• DATASET EXTRACT:
──────

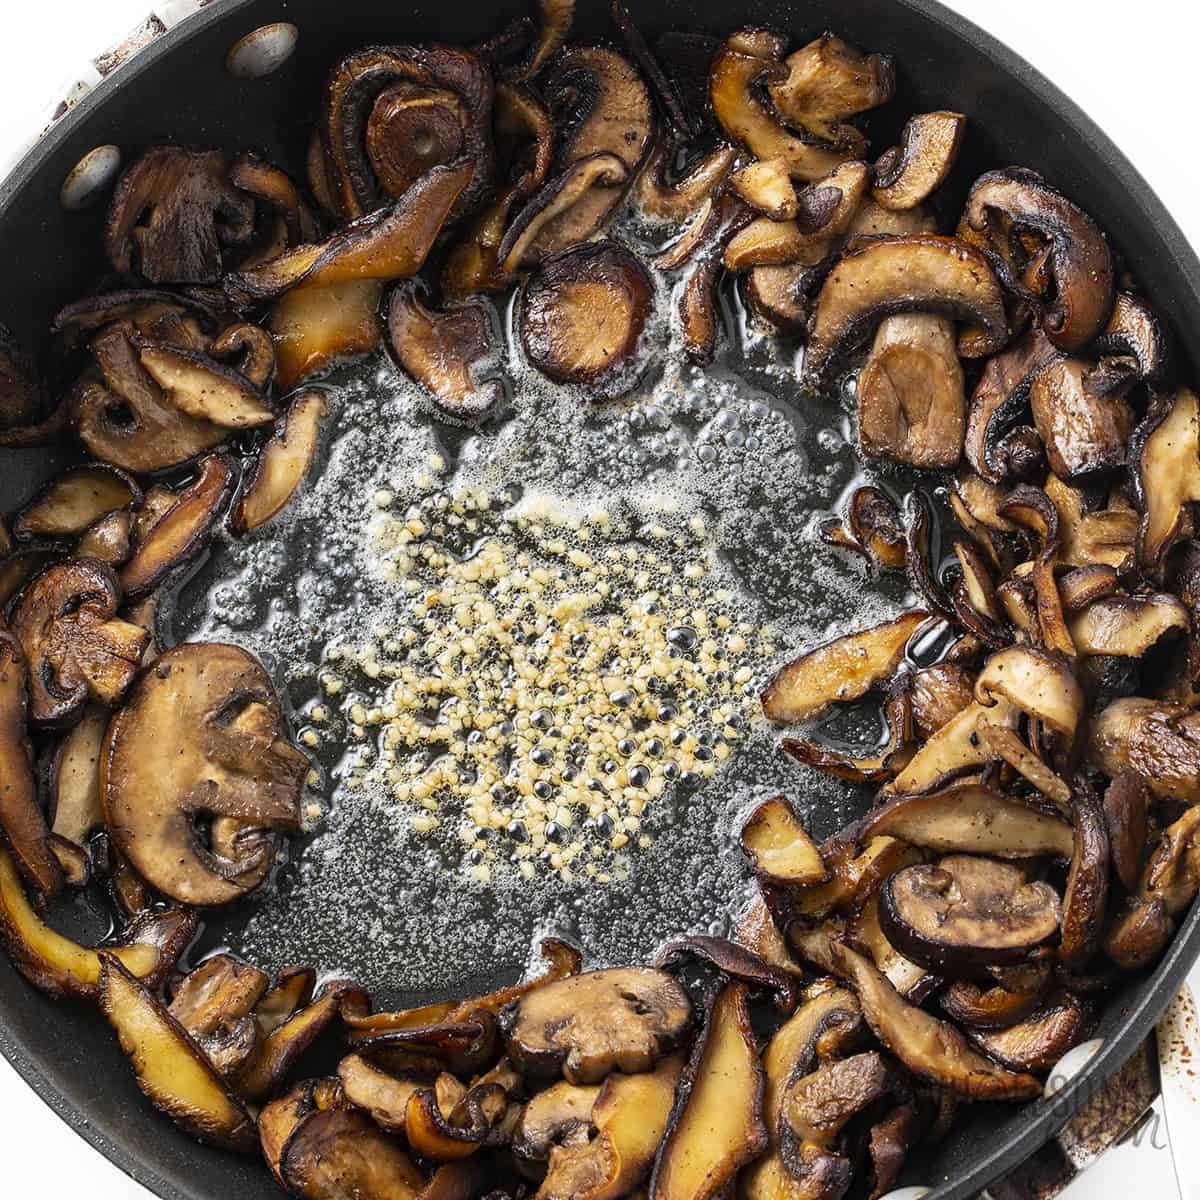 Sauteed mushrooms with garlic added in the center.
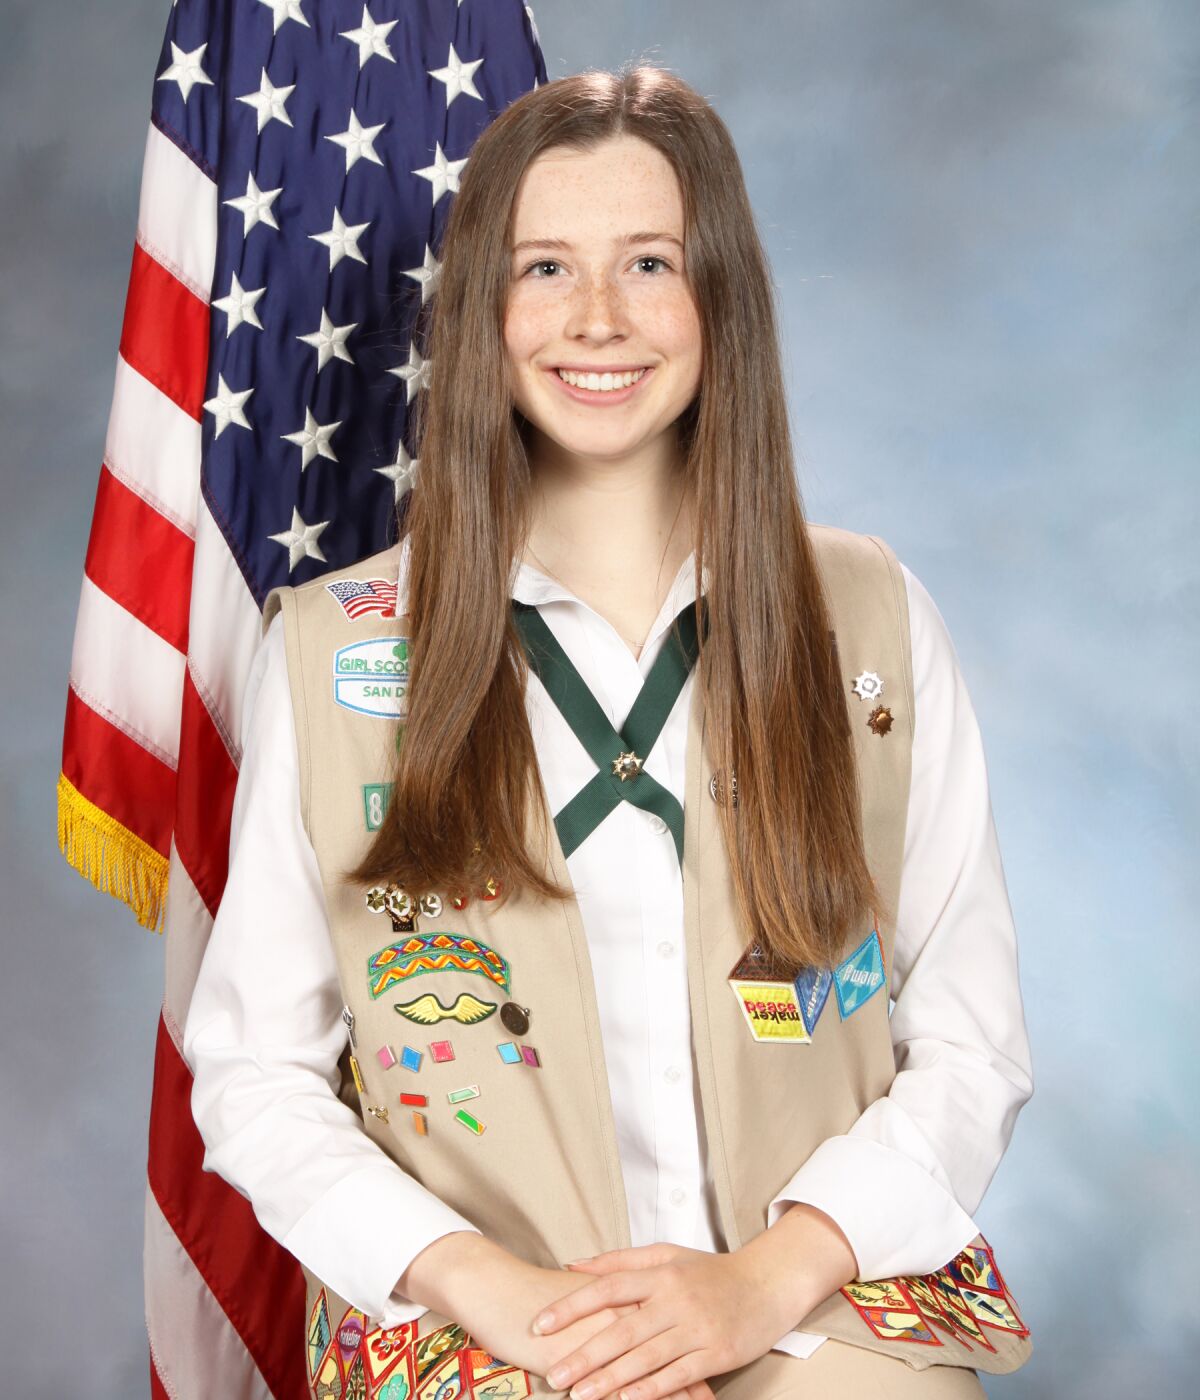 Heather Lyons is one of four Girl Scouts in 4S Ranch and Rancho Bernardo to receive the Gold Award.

──────

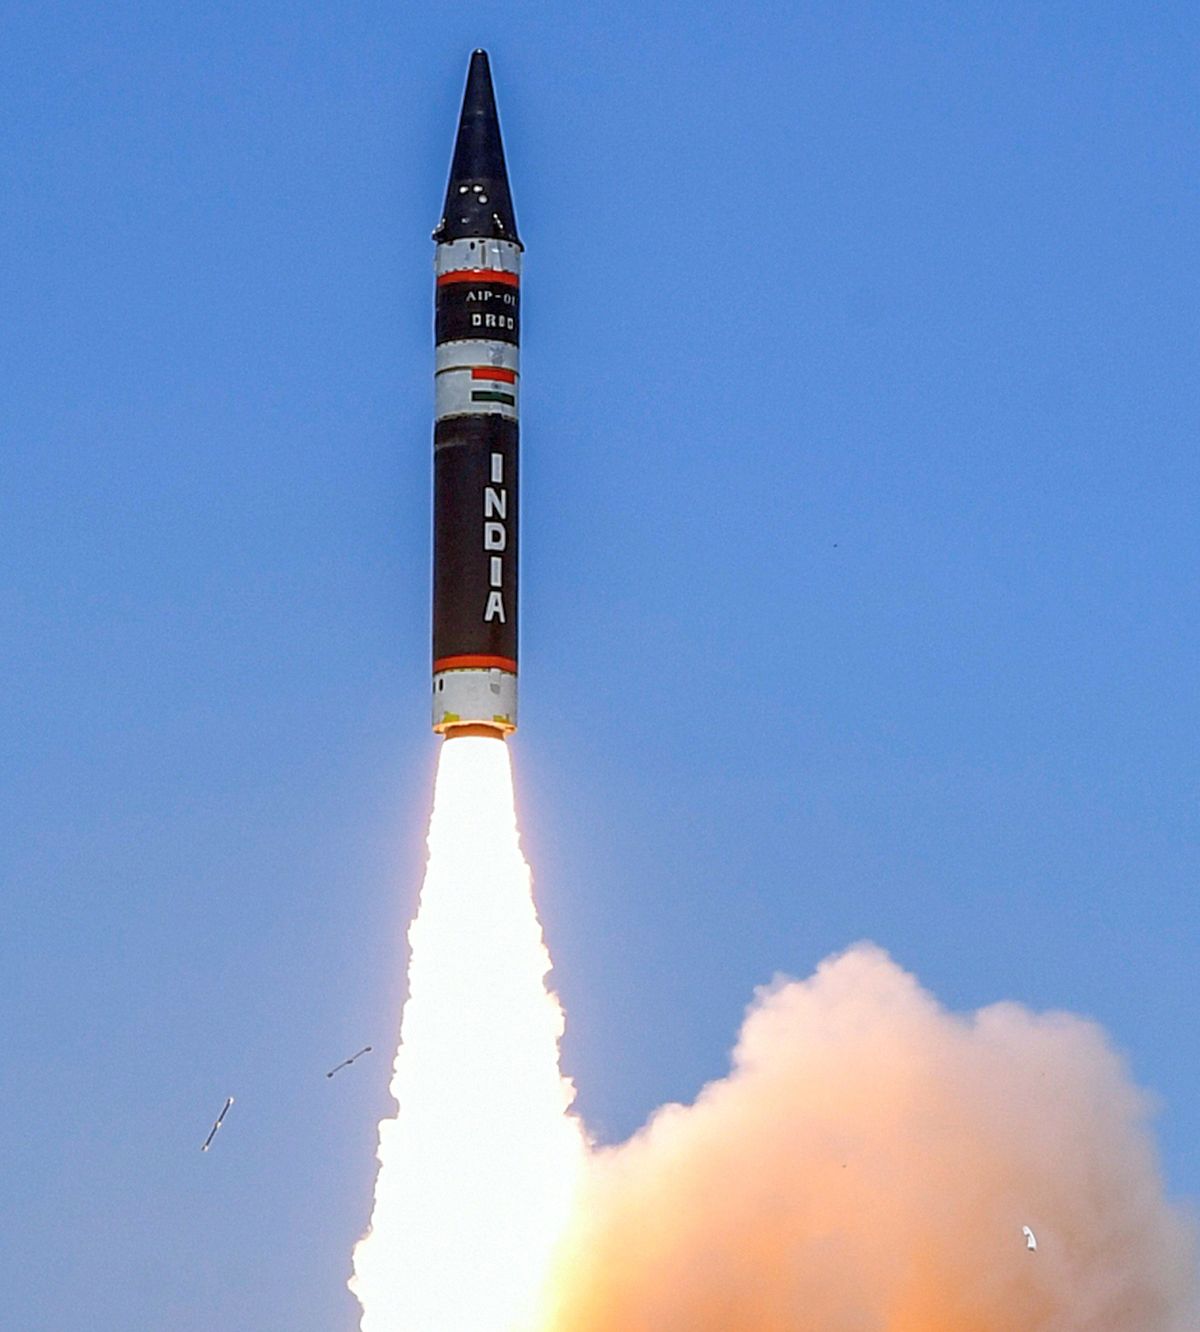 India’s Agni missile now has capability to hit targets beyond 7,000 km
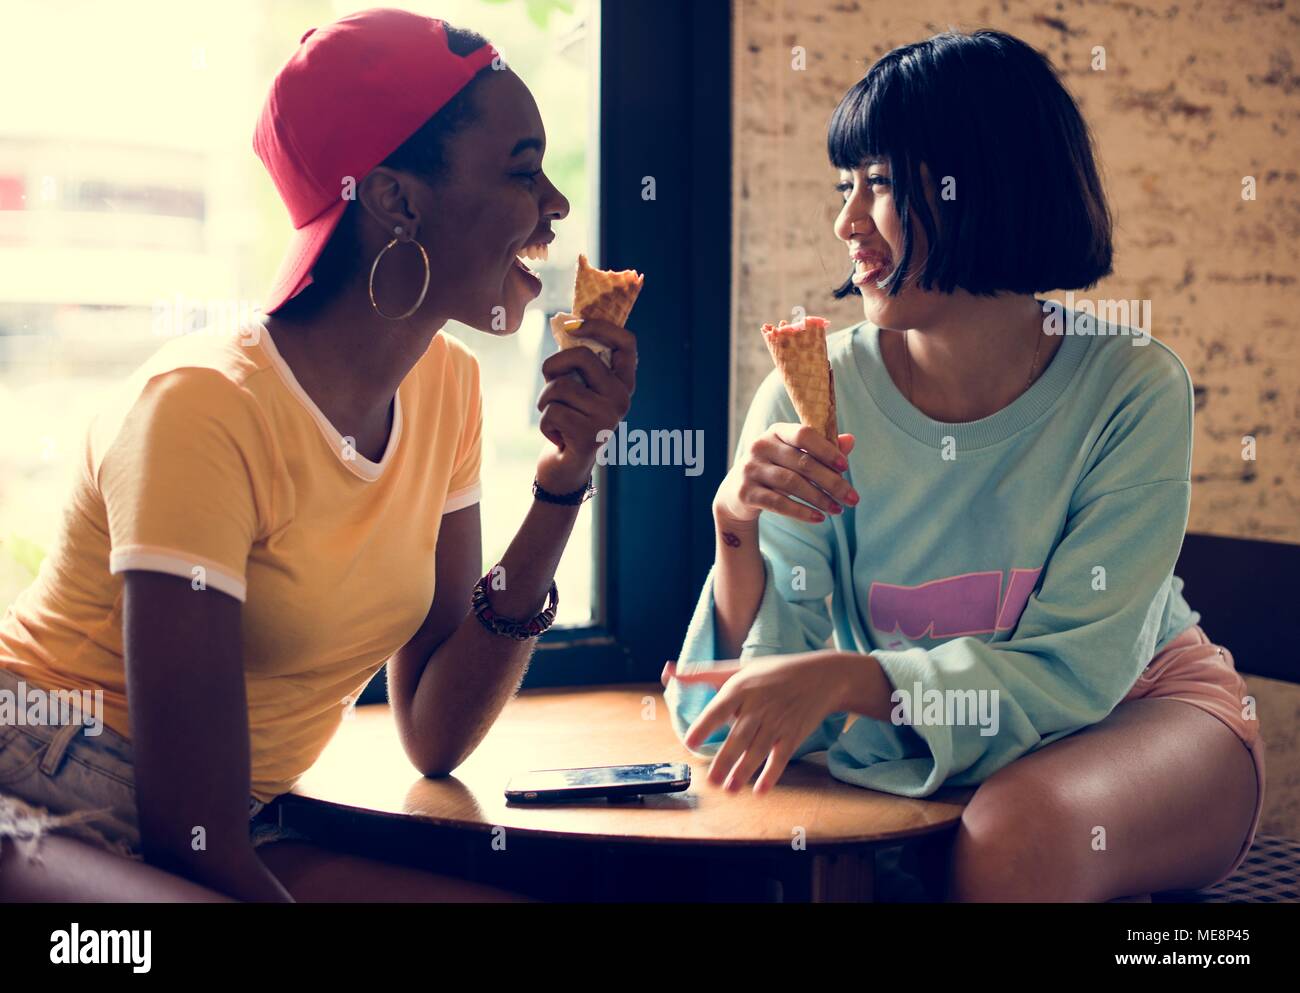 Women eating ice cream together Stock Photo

──────

• TO DO:
Exact copy, no pictures. Write out the lines in the entries above, starting with the line with "India’s Agni missile" and going on through the line with "Women eating ice cream together Stock Photo", keeping both.

• RESPONSE AREA:
 India’s Agni missile now has capability to hit targets beyond 7,000 km
 Women eating ice cream together Stock Photo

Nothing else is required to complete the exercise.